We'll keep the greedy CEO's and rednecks.
We'll keep Bill O’Reilly and Bibles and give you NBC and Hollywood.
You can make nice with Iran and Palestine and we'll retain the right to invade and hammer places that threaten us.
You can have the peaceniks and war protesters. When our allies or our way of life are under assault, we'll help provide them security.
We'll keep our Judeo-Christian values.
You are welcome to Islam, Scientology, Humanism, political correctness and Shirley McClain. You can also have the U.N. but we will no longer be paying the bill.
We'll keep the SUV's, pickup trucks and oversize luxury cars. You can take every Volt and Leaf you can find.
You can give everyone healthcare if you can find any practicing doctors.
We'll keep "The Battle Hymn of the Republic" and "The National Anthem."
I'm sure you'll be happy to substitute "Imagine", "I'd Like to Teach the World to Sing", "Kum Ba Ya" or "We Are the World".
We'll practice trickle-down economics and you can continue to give trickle up poverty your best shot.
Since it often so offends you, we'll keep our history, our name and our flag.
Would you agree to this? If so, please pass it along to other like-minded liberal and conservative patriots and if you do not agree, just hit delete. In the spirit of friendly parting, I'll bet you might think about which one of us will need whose help in 15 years.

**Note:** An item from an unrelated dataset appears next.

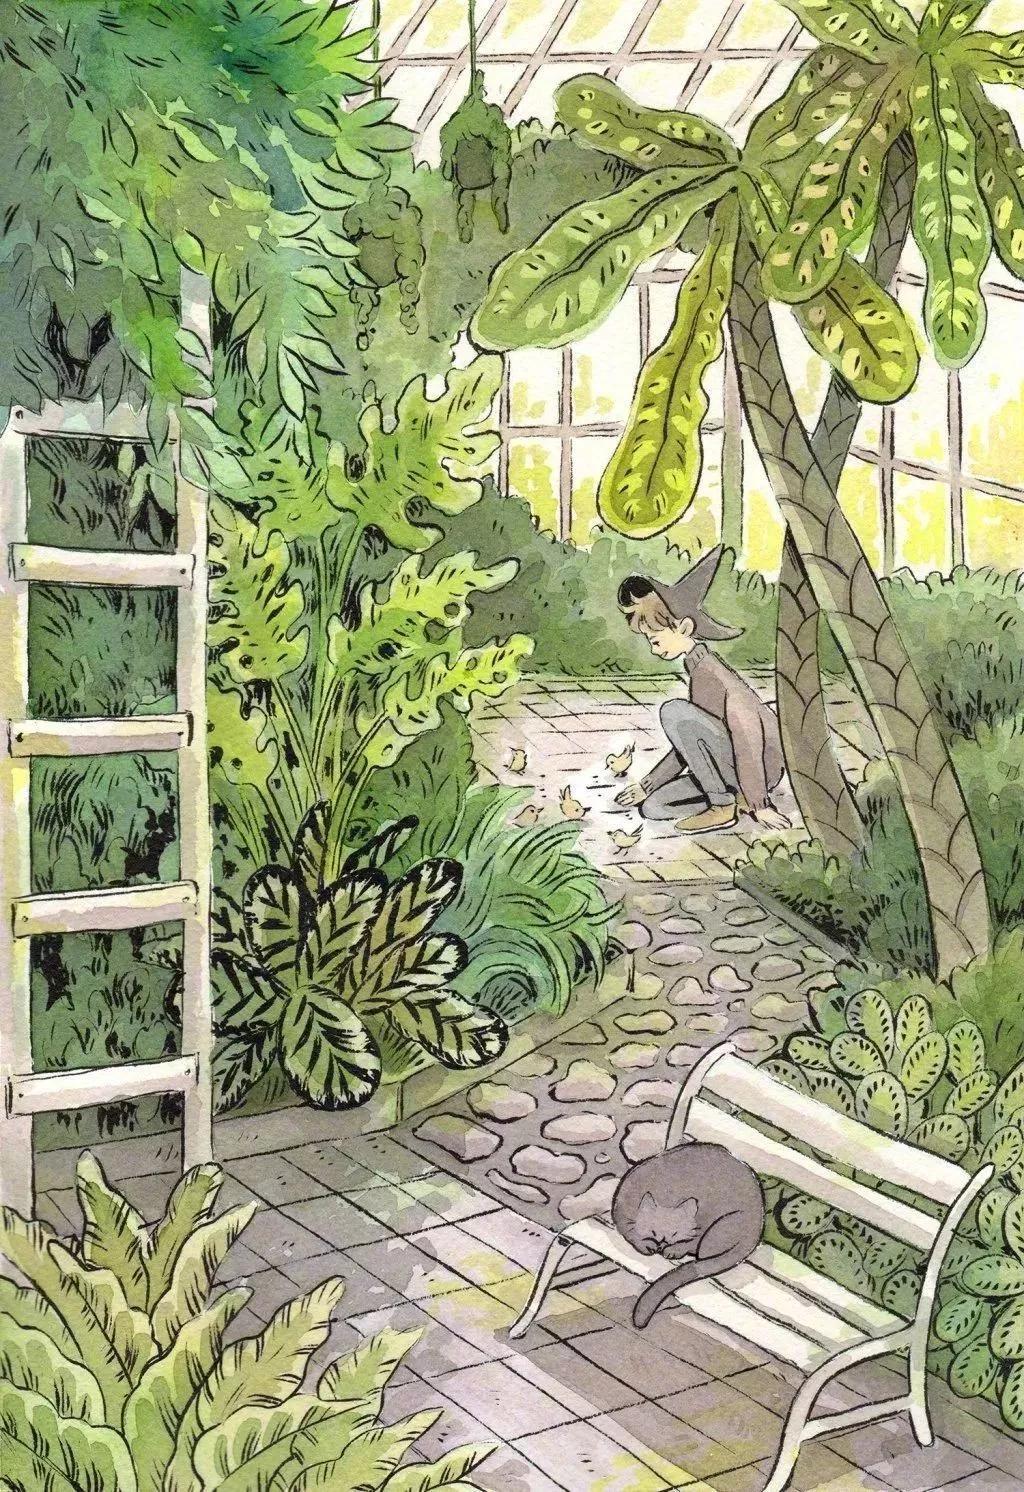 """圈粉百万的""""北欧宫崎骏"""",她的插画实在是太治愈人心了!"""
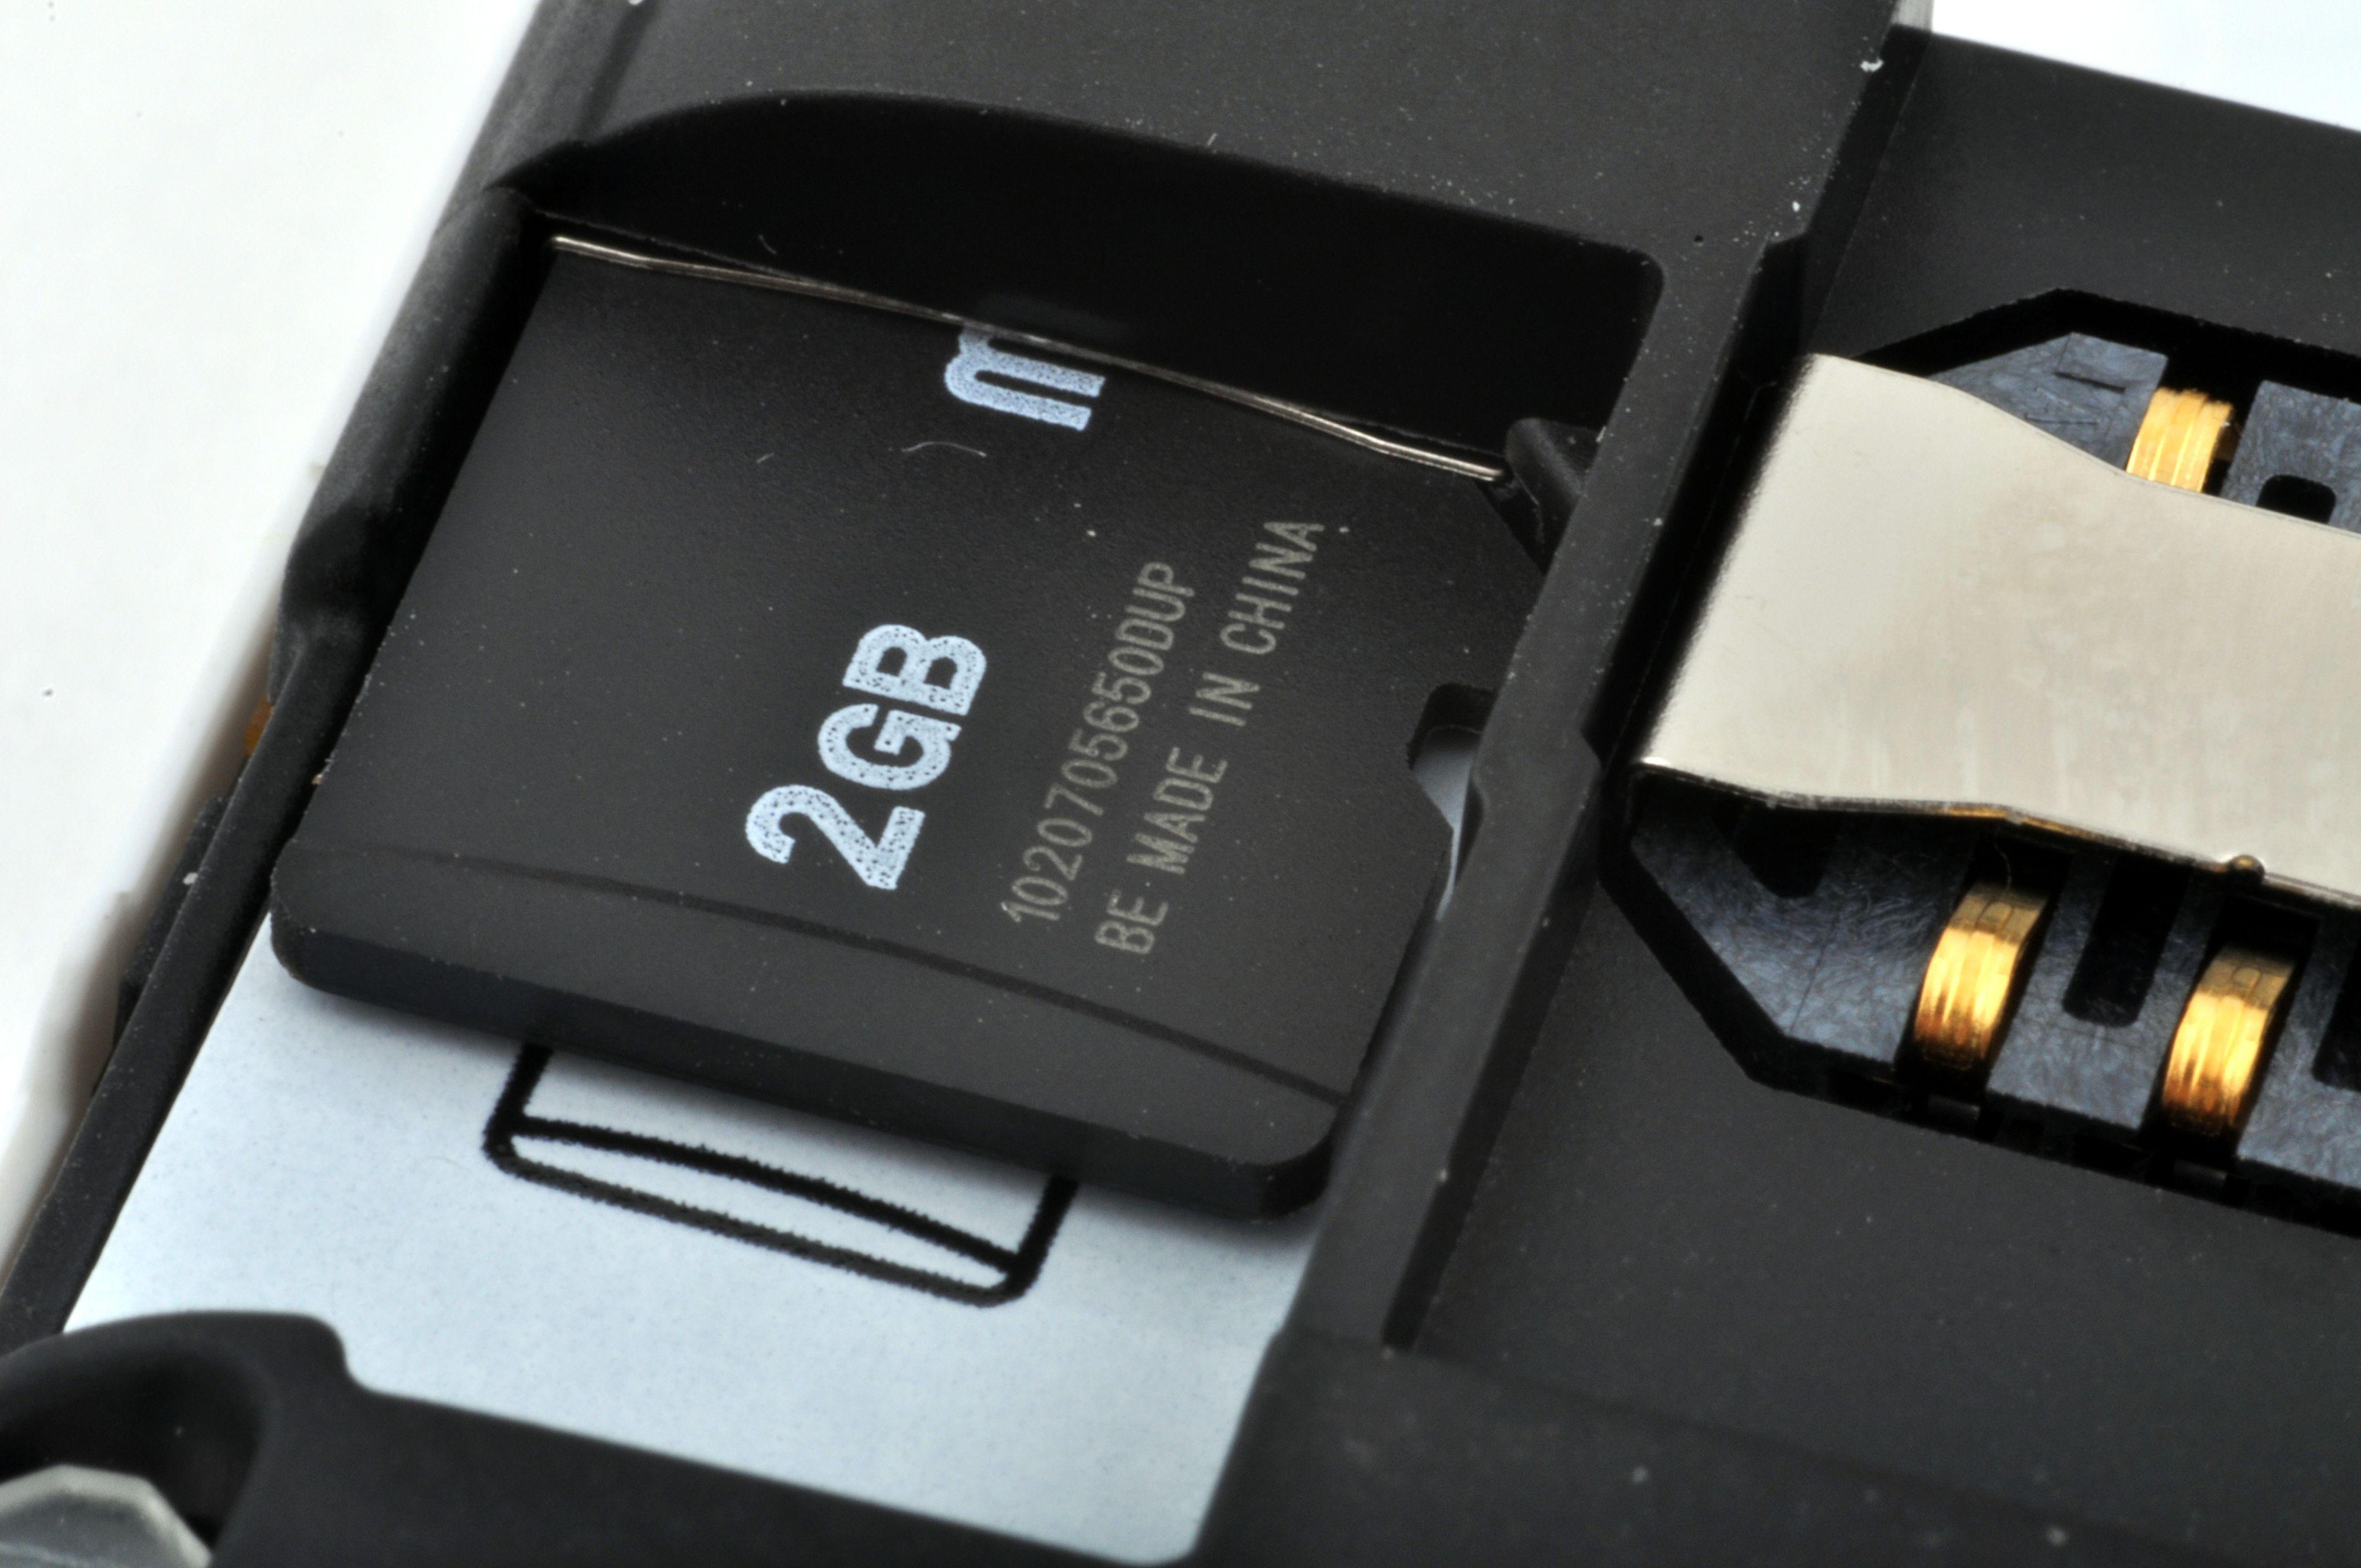 Minnekortet kan byttes uten å ta ut batteriet.

P.S. Also, please take Ted Turner, Sean Penn, Martin & Charlie Sheen, Barbara Streisand, ( Hanoi ) Jane Fonda, and any “celebrity” that wanted to go to Canada, Spain or any other country that would have them, with you.

P.S.S. And you won't have to press 1 for English when you call our country.

We can also give them the 20 miles inland part of the coast of California...until you get to the Redwoods.